В Александрии существовало общество, члены которого для более острого и интенсивного наслаждения жизнью считали себя обречёнными на смерть. Каждый день их, каждый час был предсмертным. Хотя предсмертное времяпровождение в данном обществе сводилось к сплошным оргиям, нам кажется, что сама мысль о предсмертном обострении восприимчивости и чувствительности эпидермы и чувства более чем справедлива. Поэты же особенно должны иметь острую память любви и широко открытые глаза на весь милый, радостный и горестный мир, чтоб насмотреться на него и пить его каждую минуту последний раз. Вы сами знаете, что в минуты крайних опасностей, когда смерть близка, в одну короткую секунду мы вспоминаем столько, сколько не представится нашей памяти и в долгий час, когда мы находимся в обычном состоянии духа.И воспоминания эти идут не последовательно и не целостно, а набегают друг на друга острой и жгучей волной, из которой сверкнут то давно забытые глаза, то облако на весеннем небе, то чьё-то голубое платье, то голос чужого вам прохожего. Эти мелочи, эти конкретные осколки нашей жизни мучат и волнуют нас больше, чем мы этого ожидали, и, будто не относясь к делу, точно и верно ведут нас к тем минутам, к тем местам, где мы любили, плакали, смеялись и страдали – где мы жили.

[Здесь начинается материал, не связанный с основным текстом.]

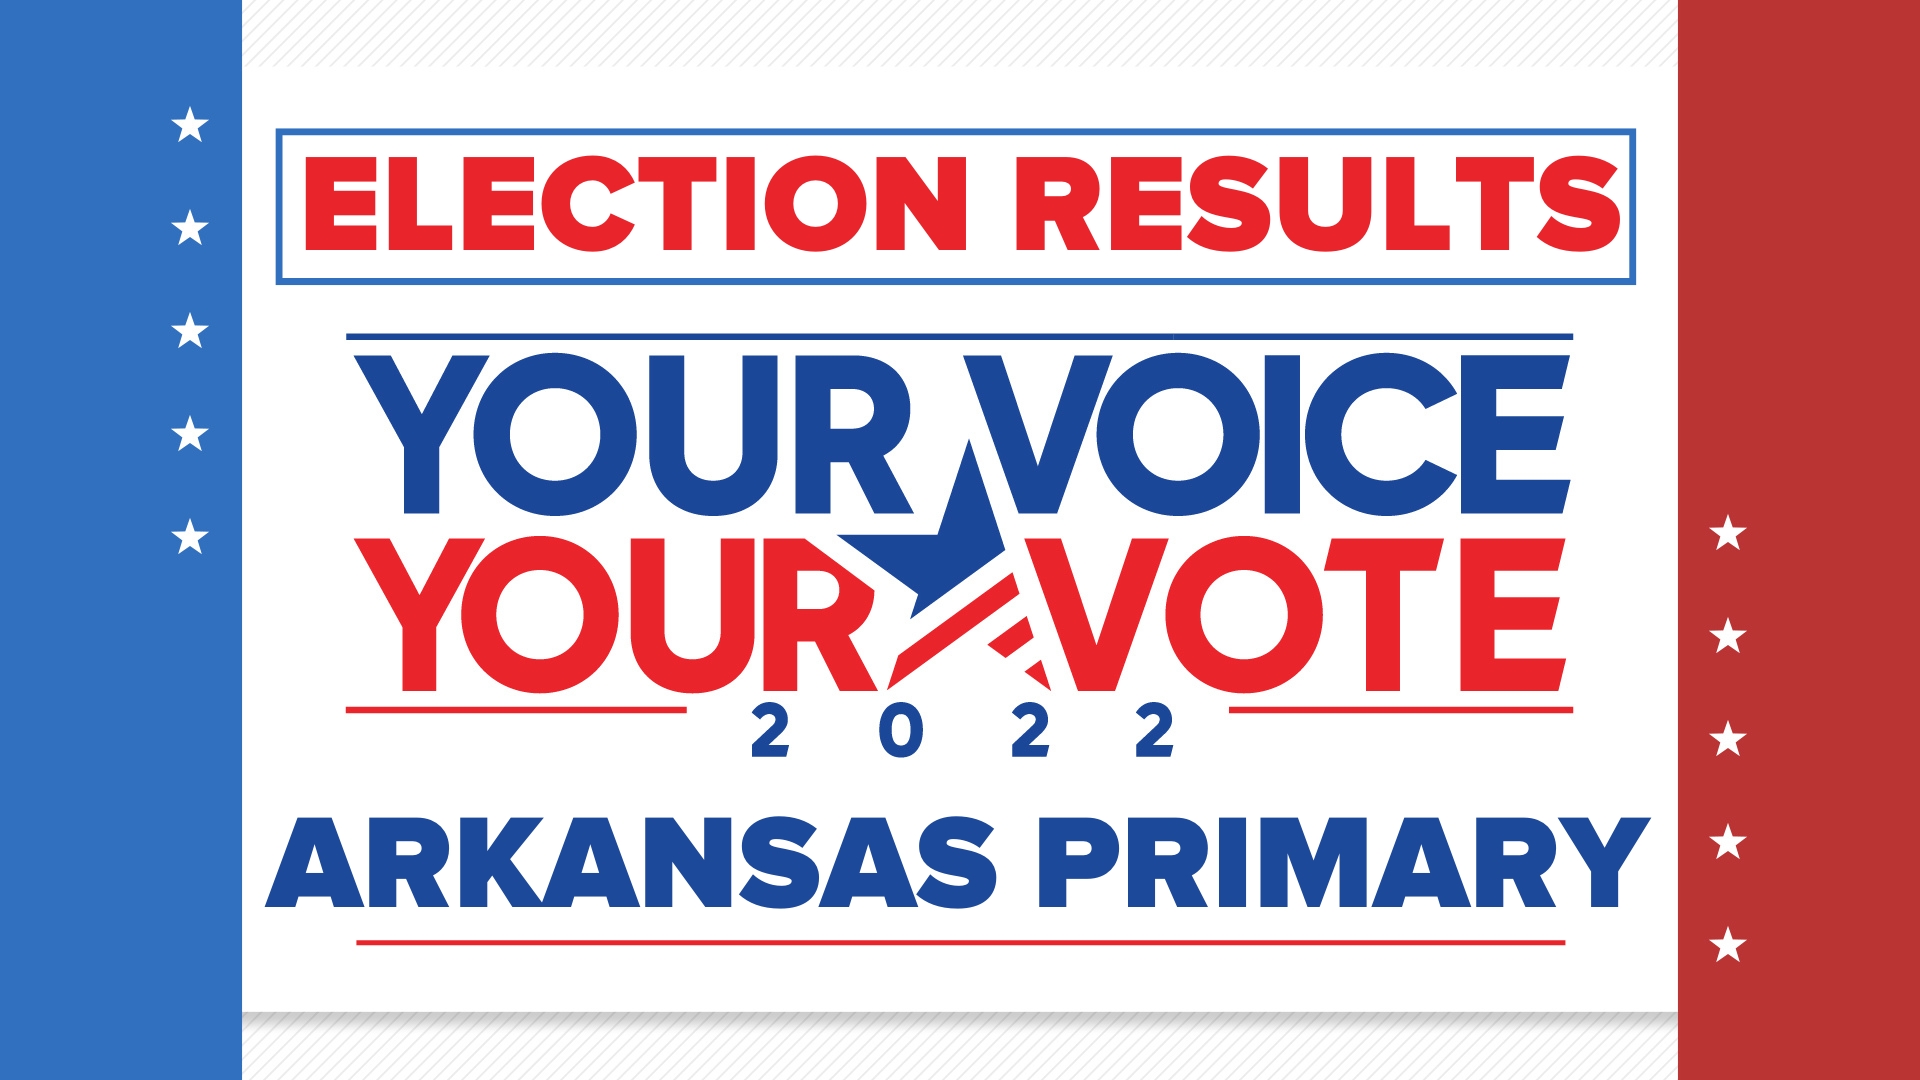 Arkansas Primary Election Results

Можно любить вещи, как любят их коллекционеры, или привязчивые чувственной привязанностью люди, или в качестве сентиментальных сувениров, но это совсем не то чувство связи, непонятной и неизбежной, открывающейся нам то в горестном, то в ликующем восторге, на которое мы указывали выше. Нам кажется, что, в отличие от других вещелюбов, Анна Ахматова обладает способностью понимать и любить вещи именно в их непонятной связи с переживаемыми минутами. Часто она точно и определенно упоминает какой-нибудь предмет (перчатку на столе, облако как беличья шкурка на небе, жёлтый свет свечей в спальне, треуголку в Царскосельском парке), казалось бы, не имеющий отношения ко всему стихотворению, брошенный и забытый, но именно от этого упоминания более ощутимый укол, более сладостный яд мы чувствуем. Не будь этой беличьей шкурки, и всё стихотворение, может быть, не имело бы той хрупкой пронзительности, которую оно имеет. Мы не хотим сказать, что всегда у автора вещи имеют такое особенное значение: часто они не более как сентиментальные сувениры или перенесение чувства с человека и на вещи, ему принадлежащие. Мы говорим это не в упрек молодому поэту, потому что уже не мало – заставлять читателя и помечтать, и поплакать, и посердиться с собою вместе, хотя бы посредством чувствительной эмоциональности, – но особенно ценим то первое пониманье острого и непонятного значения вещей, которое встречается не так часто. И нам кажется, что Анна Ахматова имеет ту повышенную чувствительность, к которой стремились члены общества обречённых на смерть.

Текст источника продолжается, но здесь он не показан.